The troublesome question is whether the commencement of this suit by the Hungarian People's Republic constitutes consent to jurisdiction beyond a set-off equal to the plaintiff's claim. It is urged by the defendants that the plaintiff by submitting itself to the jurisdiction of this court thereby suffers a total loss of immunity and may be held accountable for damages in excess of its $9,000 claim.
In view of the certification by the Department of State that diplomatic relations *958 prevail between this government and the Hungarian People's Republic, the only basis upon which the defendant's contention might be sustained is that, despite those diplomatic relations, the Hungarian People's Republic is not a friendly foreign sovereign.
The defendants argue that the unique facts here presented call for an exception to the general rule that a defendant's claim against a foreign sovereign plaintiff is limited to a set-off. They point to the diplomatic note of December 28, 1951 and the reasons therein for the demand by the United States that the plaintiff's consular office in New York be closed and ask a finding thereon that the plaintiff is not a friendly foreign sovereign and hence is shorn of its immunity to judgment in excess of its claim.
This contention must be rejected for the "friendliness" of a foreign sovereign, with whom diplomatic relations are maintained, is a subject for political and not judicial determination.
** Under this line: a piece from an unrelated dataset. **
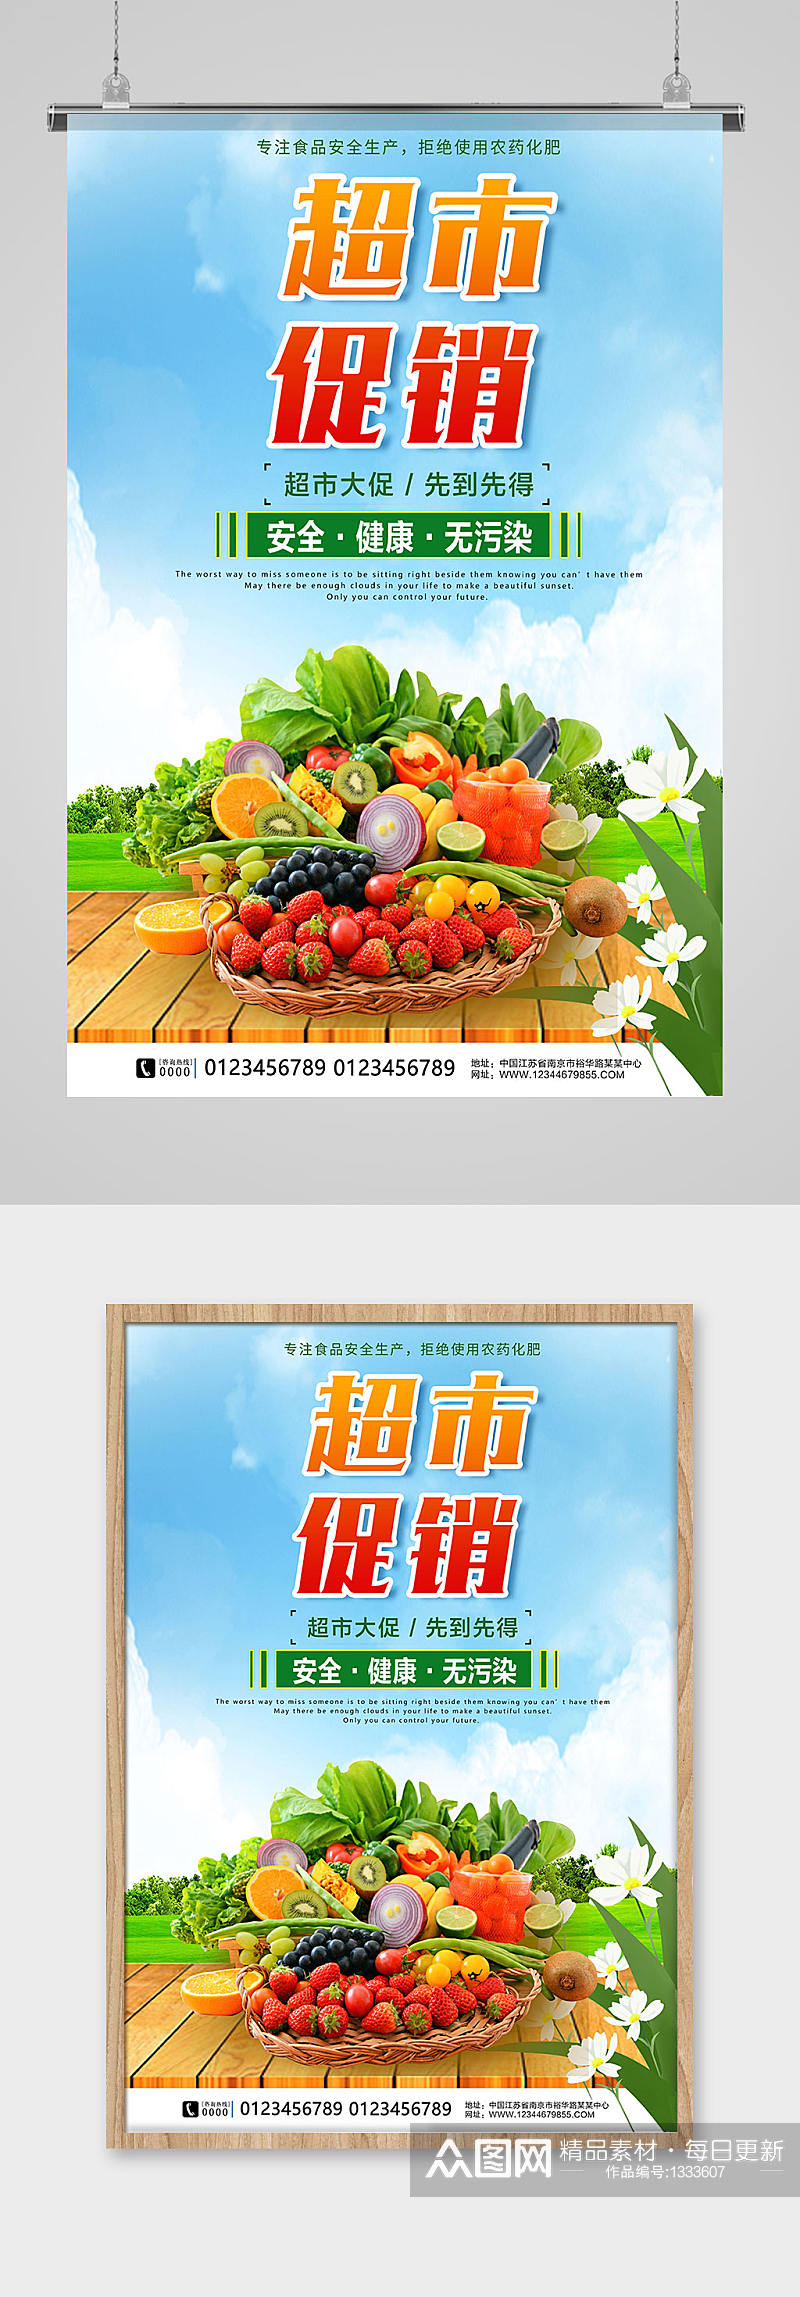 超市促销新鲜蔬菜水果海报素材

Great embarrassment might be caused the executive branch of the government in its relations with foreign nations if the judiciary were to undertake in individual cases the determination of whether a foreign sovereign with whom diplomatic relations are maintained is friendly or otherwise.
The motion to dismiss the four counterclaims of the answer herein is granted to the extent that the same shall be deemed as a set-off limited to the claim, if any, to which plaintiff may establish its right under its complaint herein.NOTES
 In re Muir, 254 U.S. 522, 532, 41 S. Ct. 185, 65 L. Ed. 383.
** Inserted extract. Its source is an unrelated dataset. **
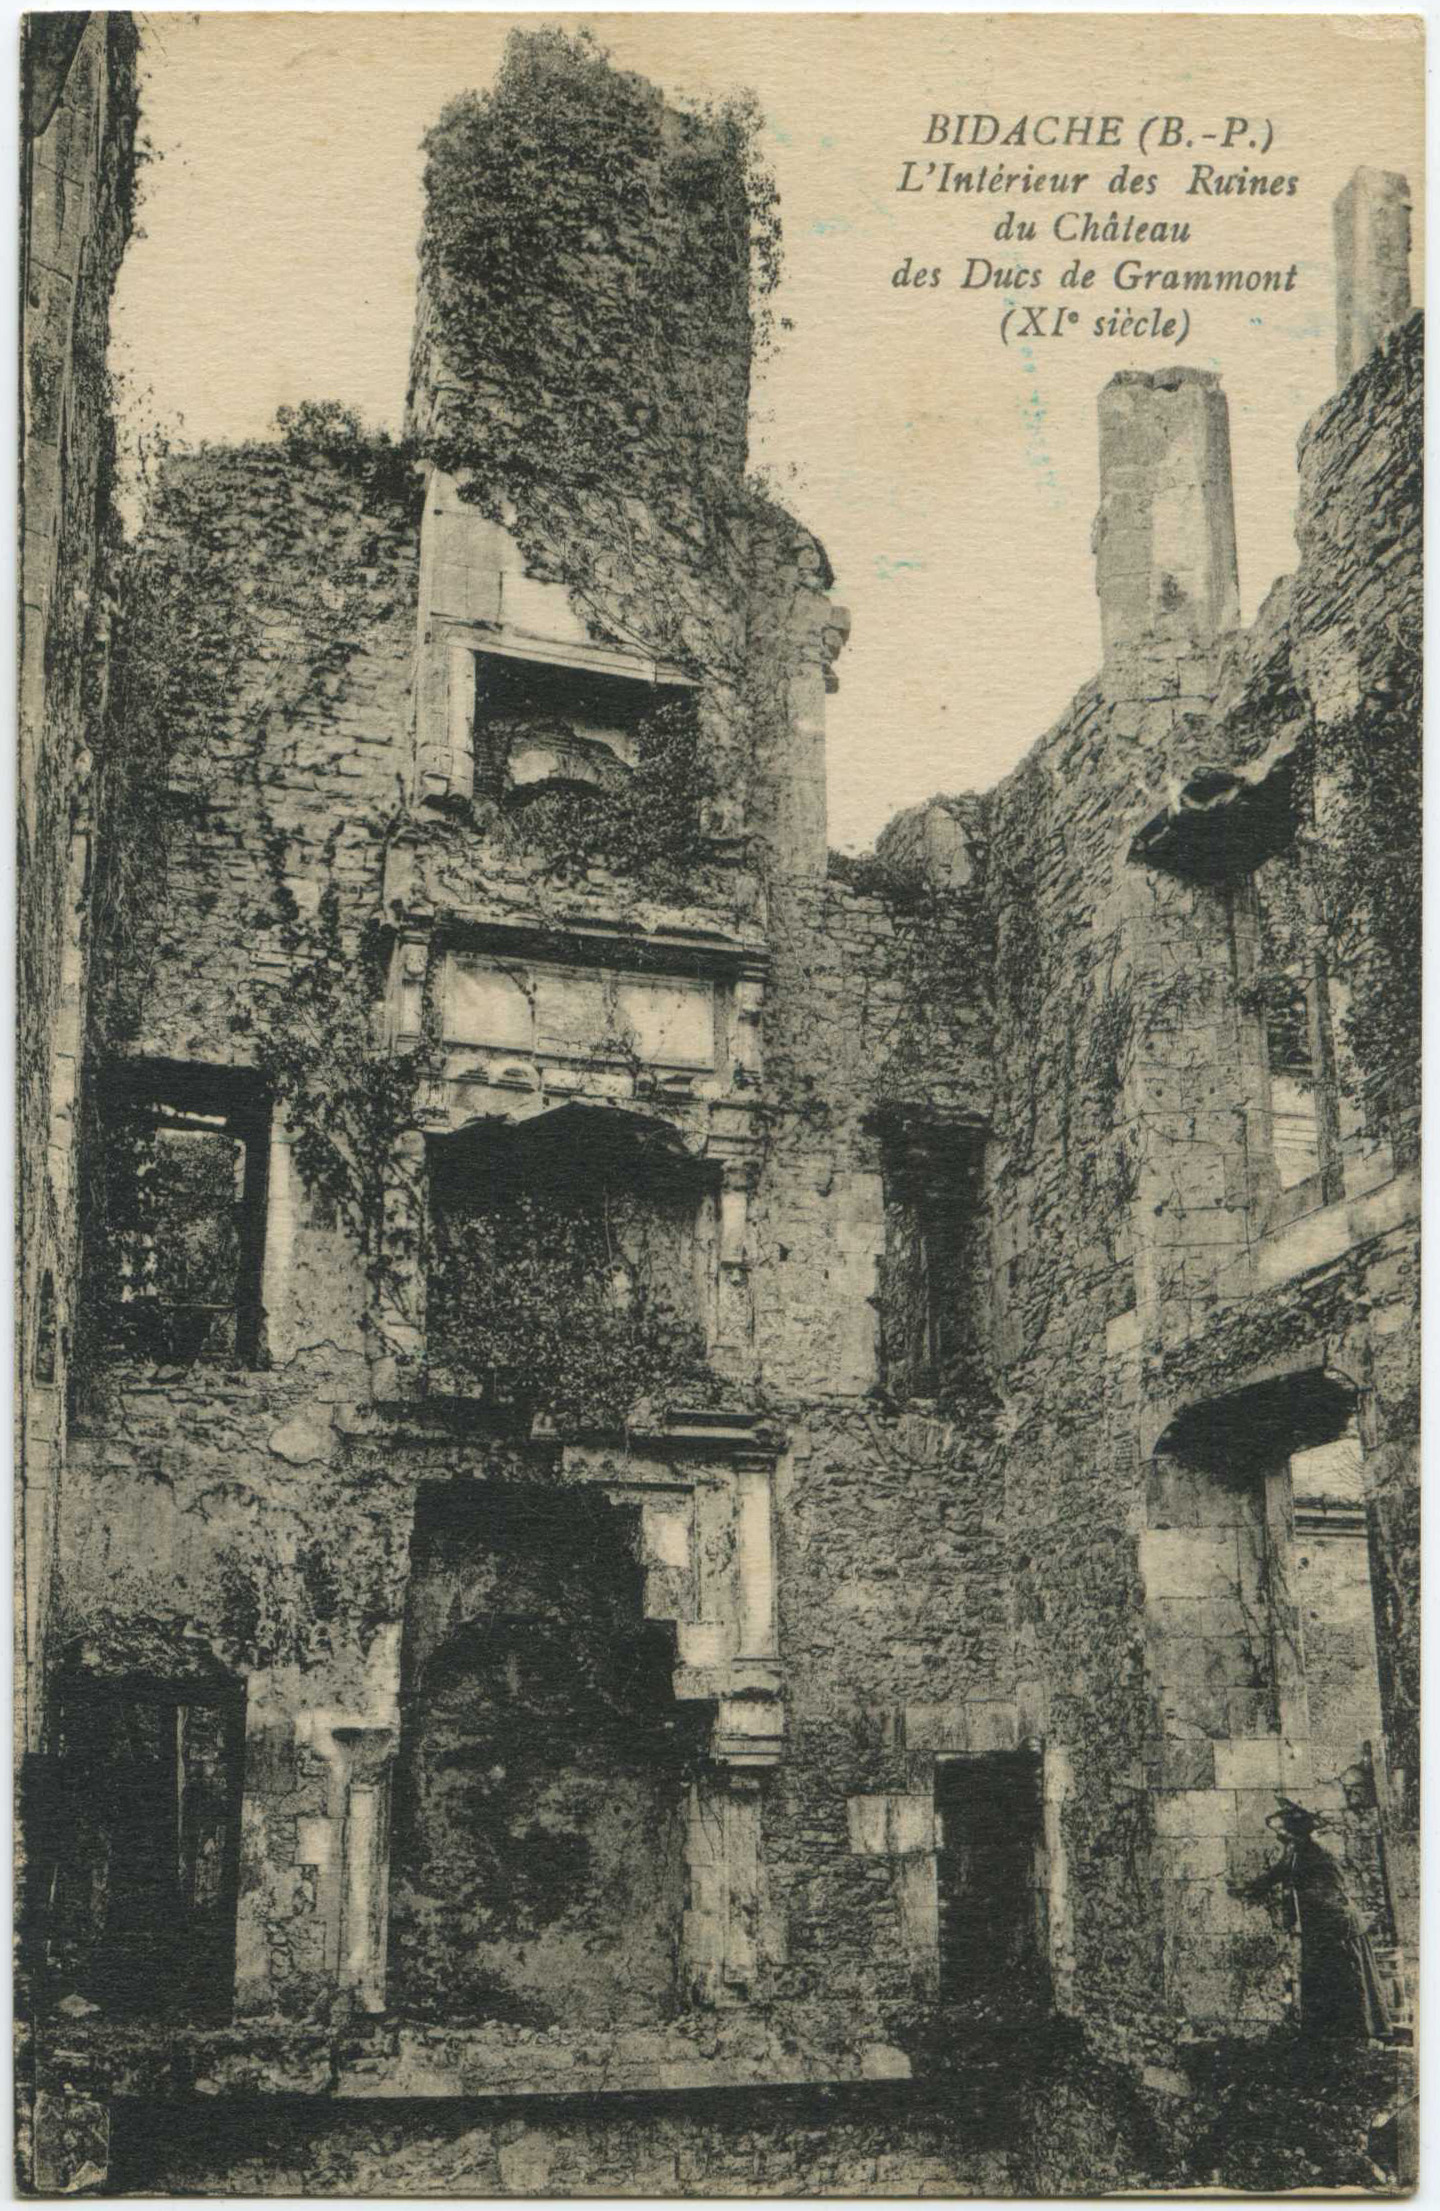 Bidache - L'Intérieur des Ruines du Château des Ducs de Grammont (XI<sup>e</sup> siècle)

 United States v. New York Trust Co., D.C.S.D.N.Y., 75 F. Supp. 583.
 "It is a doctrine borne of expediency, nourished in the council halls of nations as well as the courts of justice. Its dominant motif is political. It has gained stature in the world of international diplomacy and politics, where an `incident' involving the dignity of nations is measured by its explosive potential as well as its legal implications. `* * * it rests at last upon the highest considerations of international comity and expediency. To permit the validity of the acts of one sovereign state to be re-examined and perhaps condemned by the courts of another would very certainly "imperil the amicable relations between governments and vex the peace of nations"'. Oetjen v. Central Leather Co., 246 U.S. 297, 302, 38 S. Ct. 309, 311, 62 L. Ed. 726." Frazier v. Foreign Bondholders Protective Council, Inc., App. Div., 125 N.Y.S.2d 900, 903.